Saved entries:
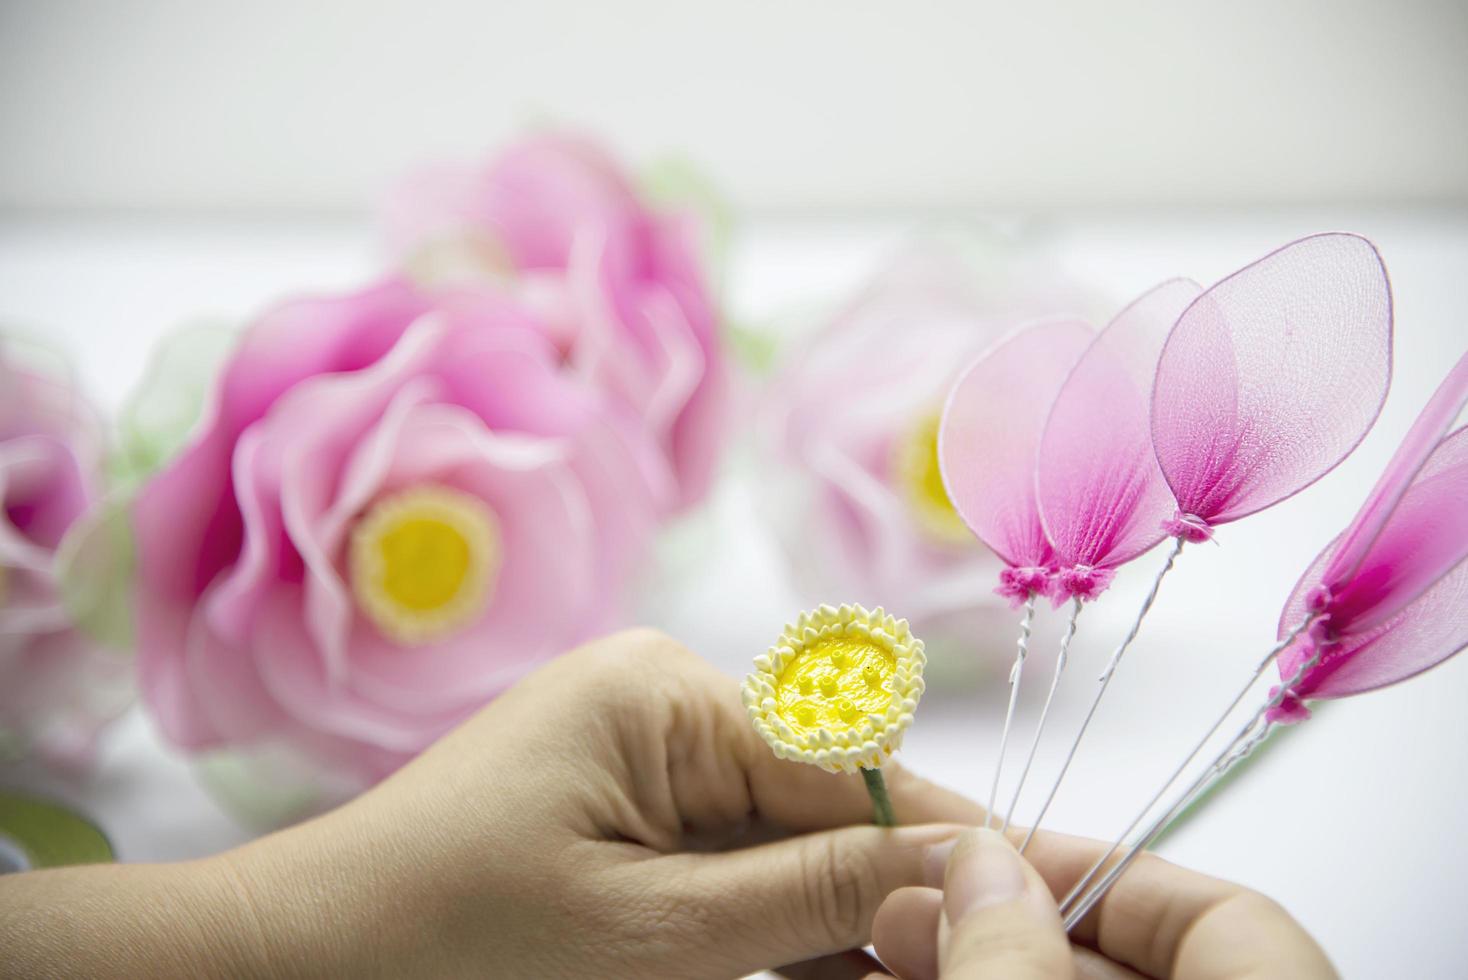 Woman making beautiful nylon flower - people with DIY handmade flower concept photo
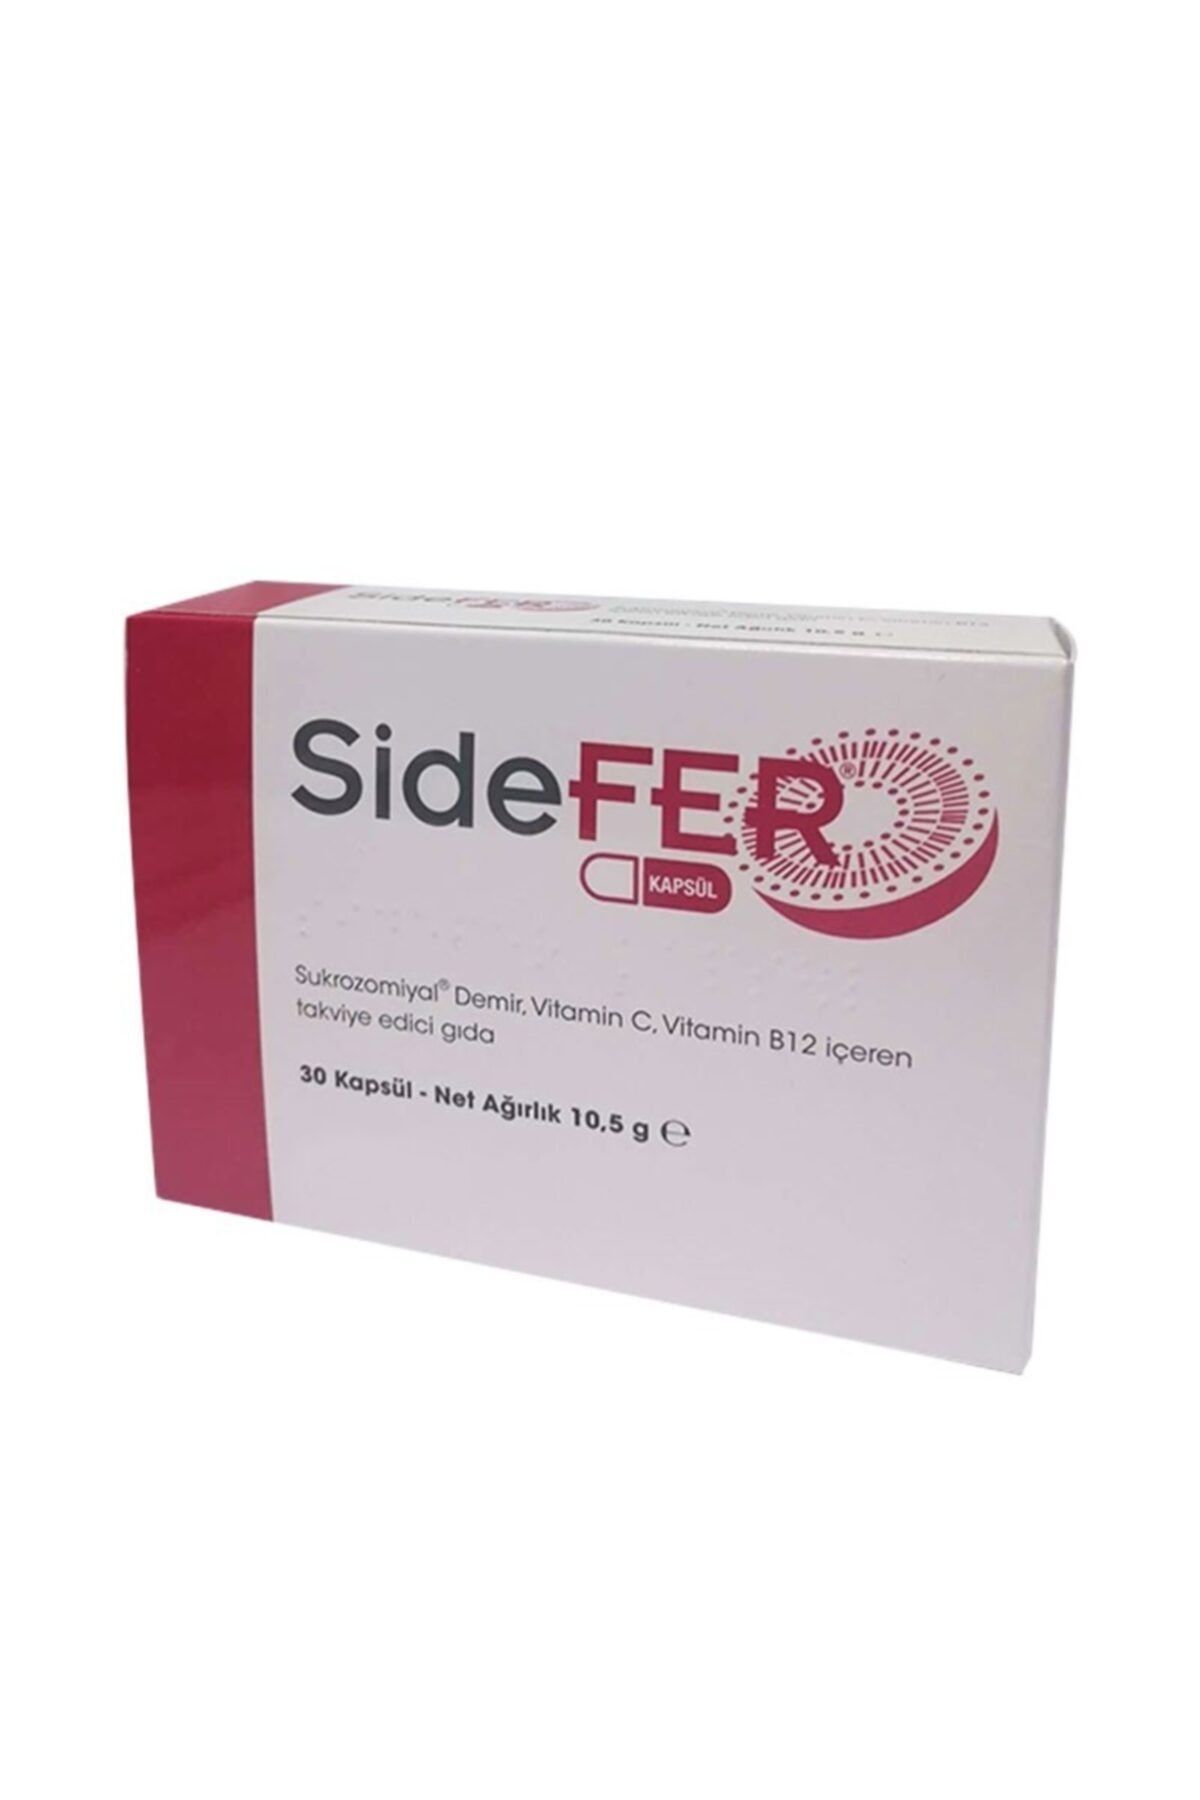 Sidefer Vitamin C Ve Vitamin B12 30 Kapsül
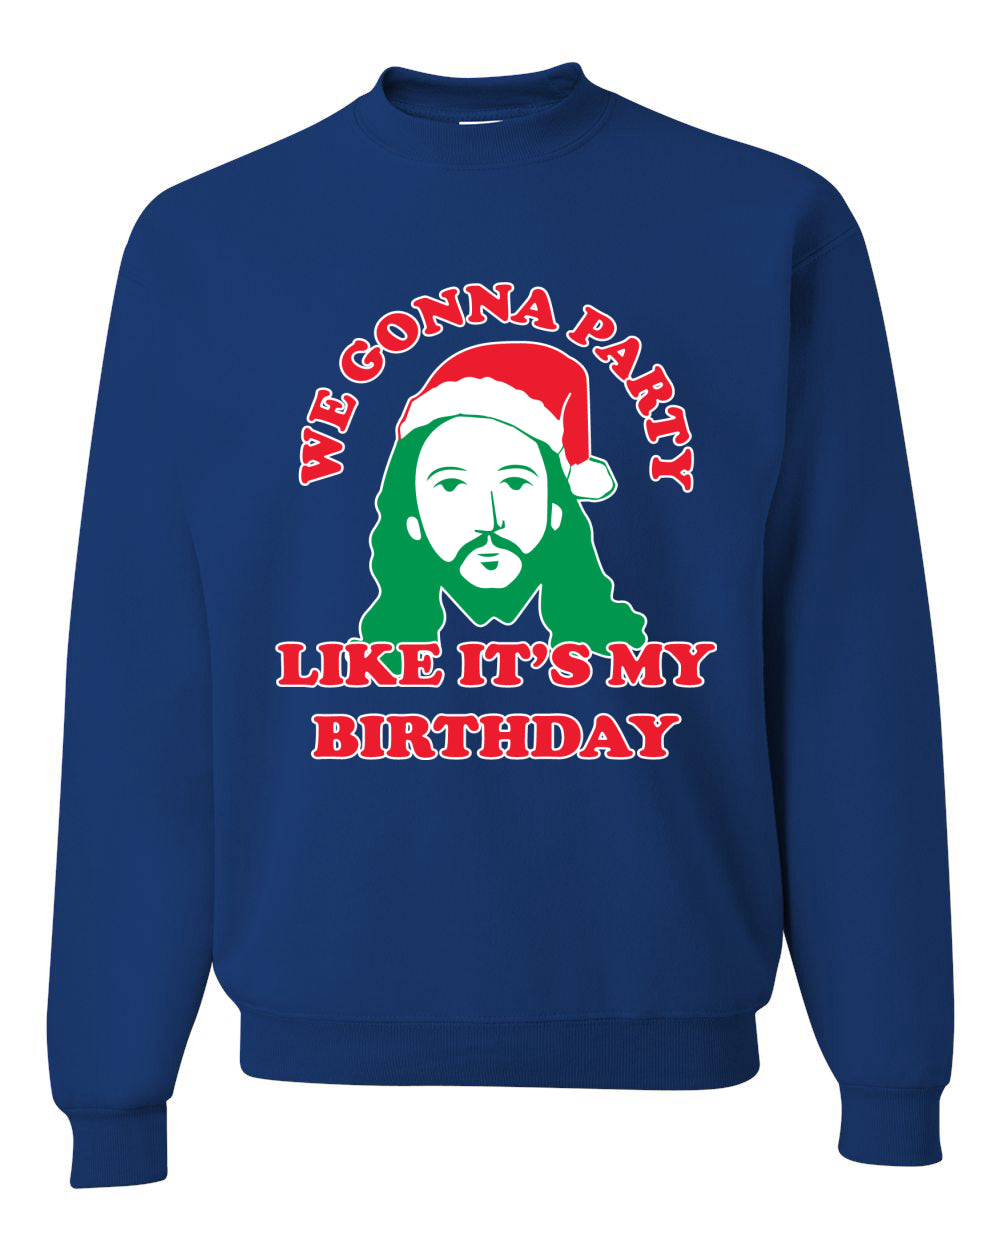 We Gonna Party Like its my Birthday Ugly Christmas Sweater Christmas Unisex Crewneck Graphic Sweatshirt
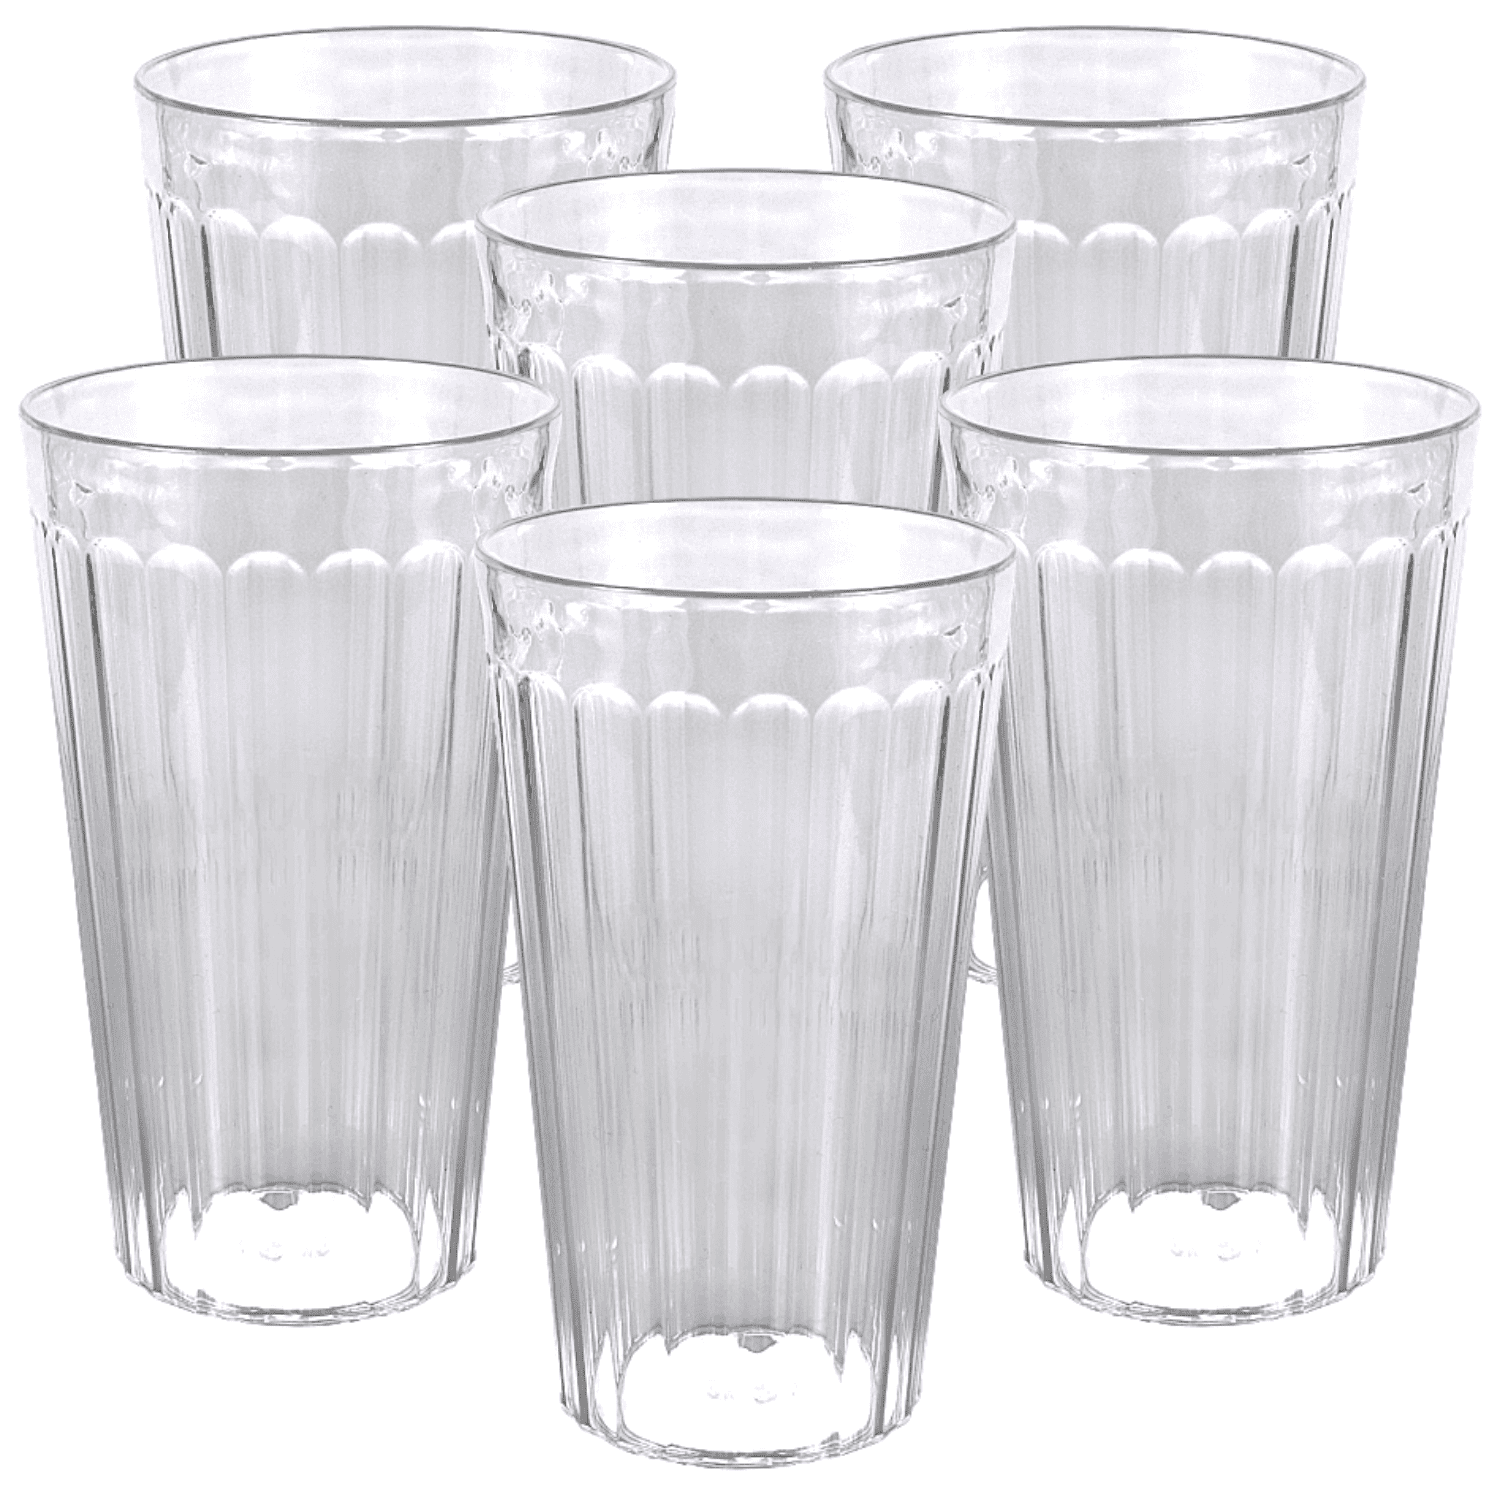 fulong 16 oz Plastic Highball Drinking Glasses, Set of 8 Water Beverage  Tumbler Set, Unbreakable Pla…See more fulong 16 oz Plastic Highball  Drinking
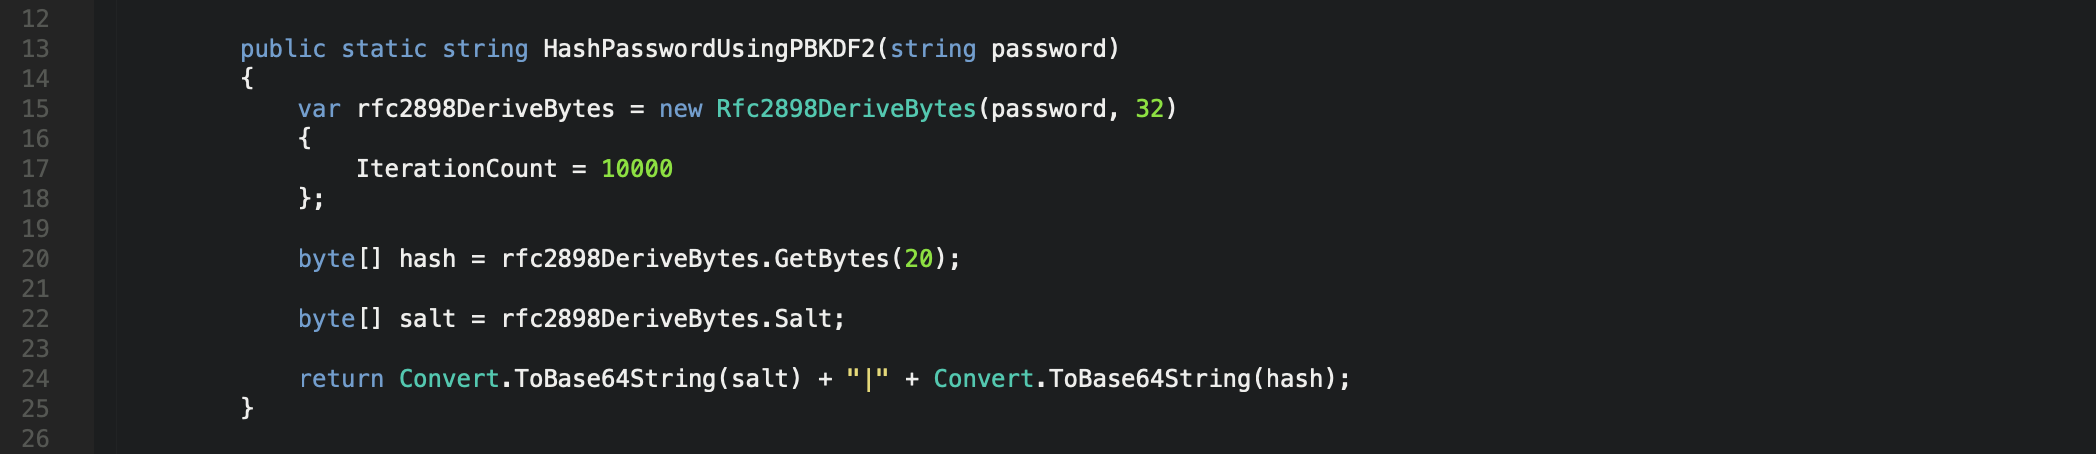 PBKDF2 Password Hash Algorithm - C# .Net Core

## [Work request]
Starting at the line where "We Gonna Party" appears, restate every line through the end of the records above exactly, but omit the pictures.

## [Answer space]
 We Gonna Party Like its my Birthday Ugly Christmas Sweater Christmas Unisex Crewneck Graphic Sweatshirt
 fulong 16 oz Plastic Highball Drinking Glasses, Set of 8 Water Beverage  Tumbler Set, Unbreakable Pla…See more fulong 16 oz Plastic Highball  Drinking
 PBKDF2 Password Hash Algorithm - C# .Net Core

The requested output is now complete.